And taking a group of characteristic values of reference phrases for evaluation corresponding to a piece of historical voice in the sample data as input data for one-time training of the deep neural network of the computer, taking a result of processing the specified transaction corresponding to the historical voice as an expected value of an output value of the deep neural network of the computer, and continuously training and adjusting each parameter of the deep neural network of the computer until the parameter is converged according to a preset acceptable range of the output value. For example, in the case of processing a payment request from a user, a result of the payment of a certain user is "0" indicating that the user is not paying, and correspondingly, a value corresponding to the case of payment already is "1", and the acceptable range of the preset output value is 20%, when the output of the deep neural network of the computer is greater than or equal to 0.8, the output result can be considered to be in accordance with the expectation of payment already. Otherwise, the product is considered not to be in accordance with the standard; when the output of the computer deep neural network is less than or equal to 0.2, the output result can be considered to be in accordance with the expectation of non-payment. Otherwise, the non-compliance is considered. For unexpected situations, relevant parameters of the computer deep neural network need to be adjusted.

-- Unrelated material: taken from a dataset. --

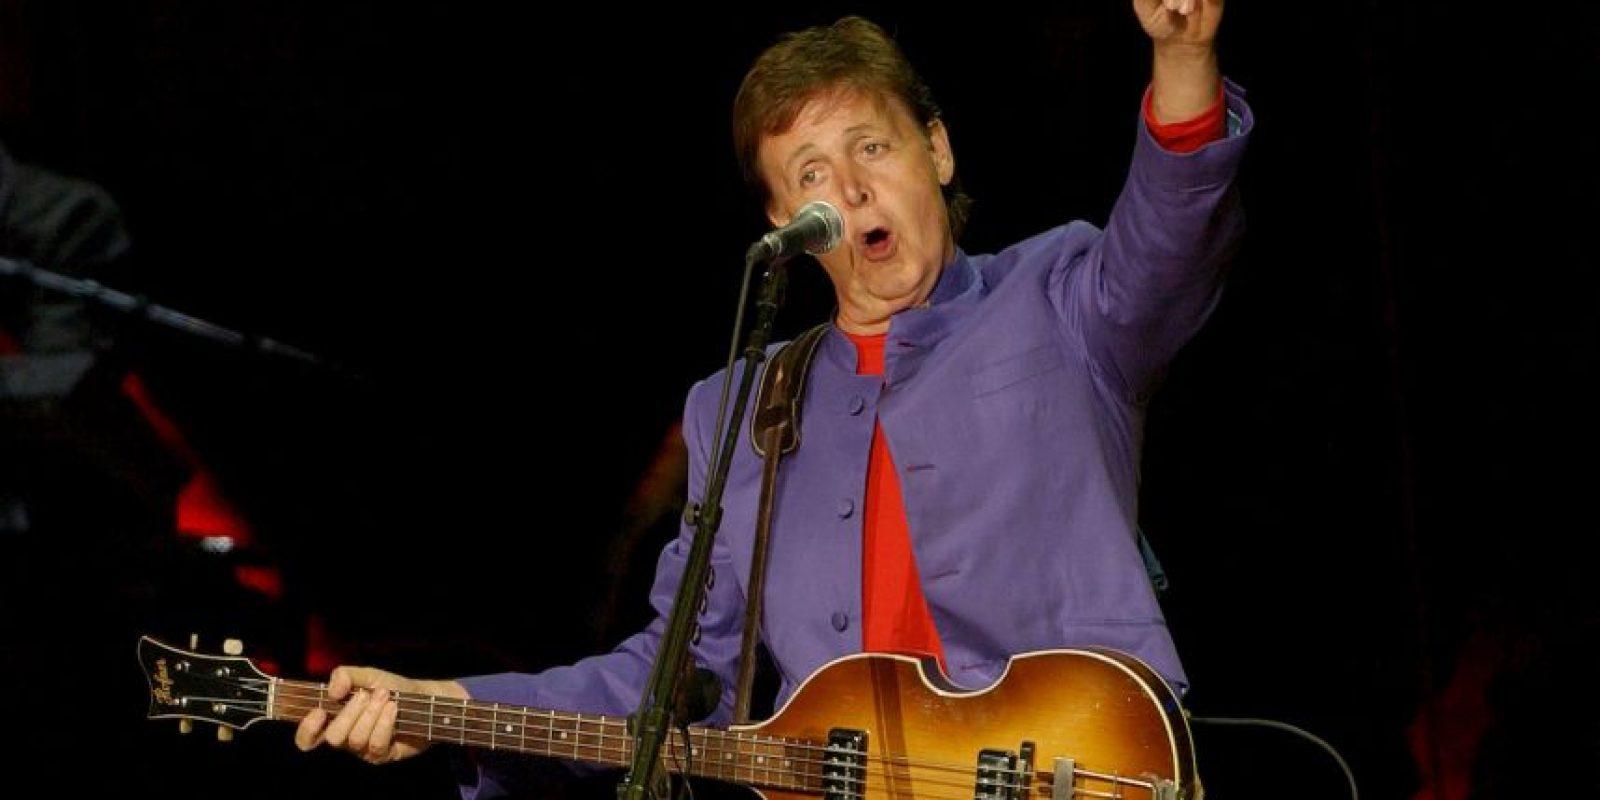 También ha sido sede de conciertos, como el ex Beatle Paul McCartney Foto:Getty Images
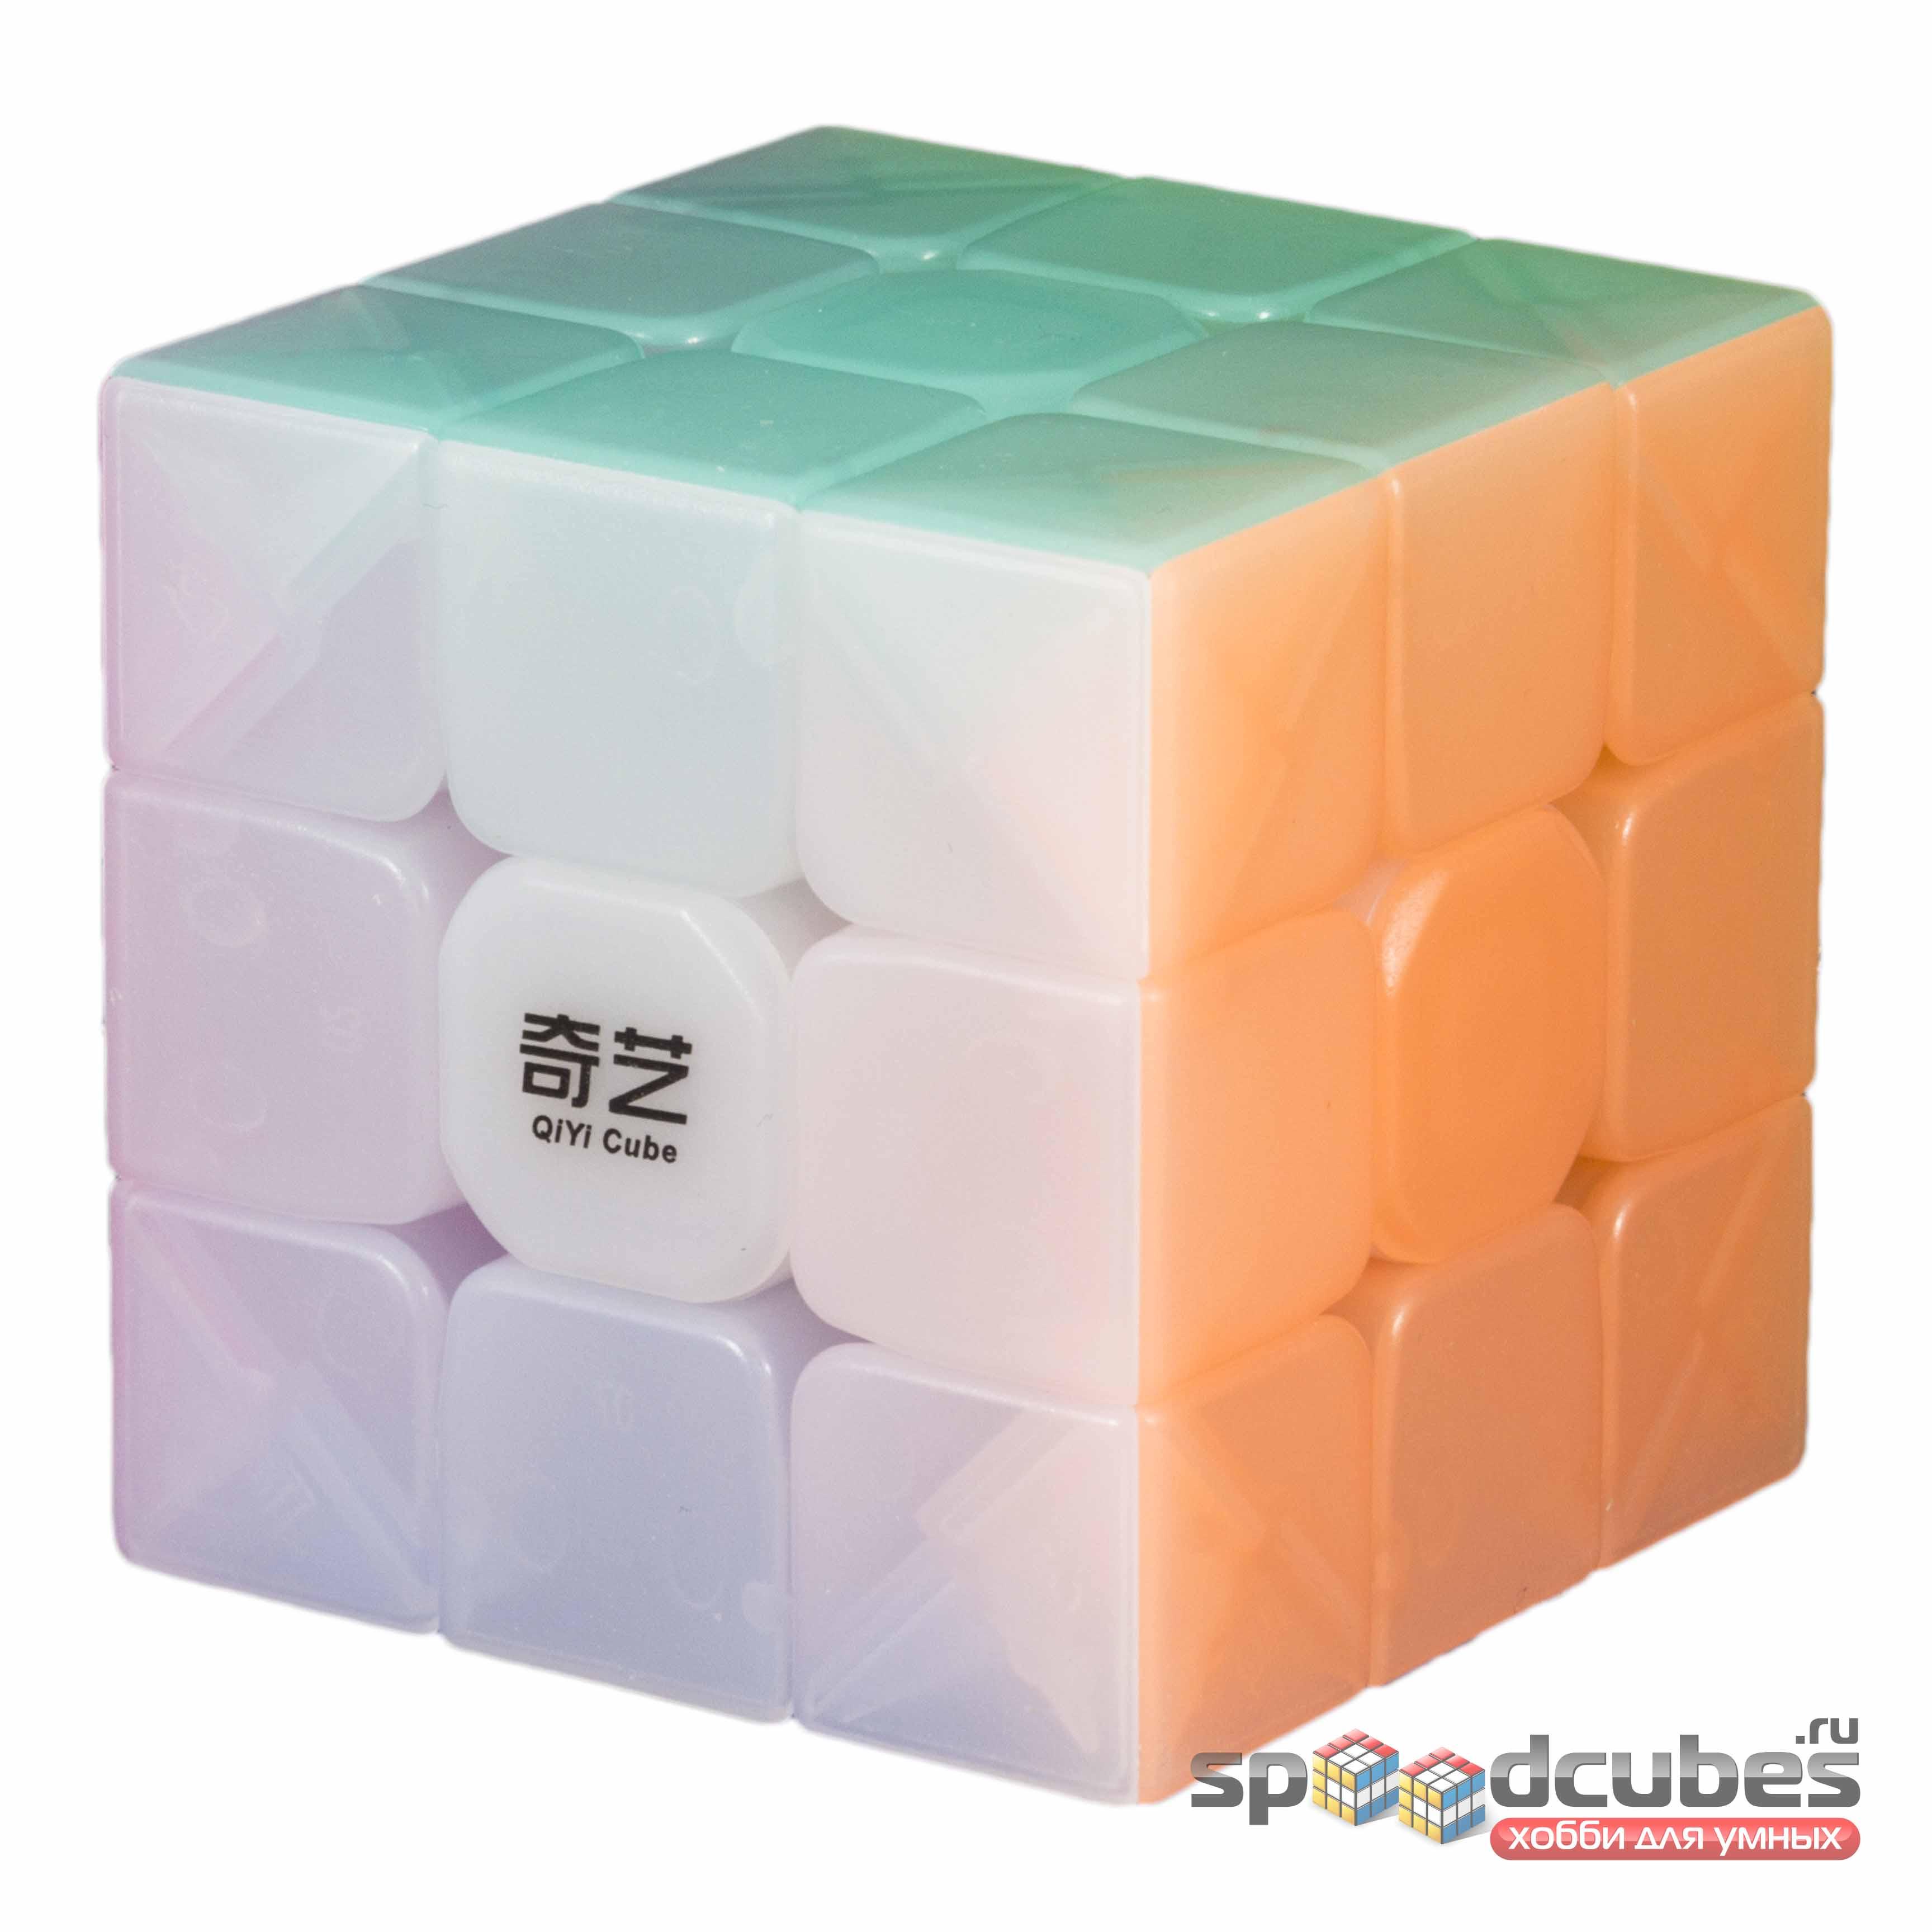 QiYi (MofangGe) 3x3x3 Jelly Cube

And training the computer deep neural network by using the sample data until the computer deep neural network converges, fixing all parameters of the computer deep neural network, and using the computer deep neural network at the moment as a calculation model for determining the user intention based on the user voice information.

And taking the voice characteristic value obtained in the previous step as an input parameter of the calculation model, and calculating to obtain an evaluation value of the corresponding intention (payment intention) of the user when the specified transaction (such as payment request) is processed at this time.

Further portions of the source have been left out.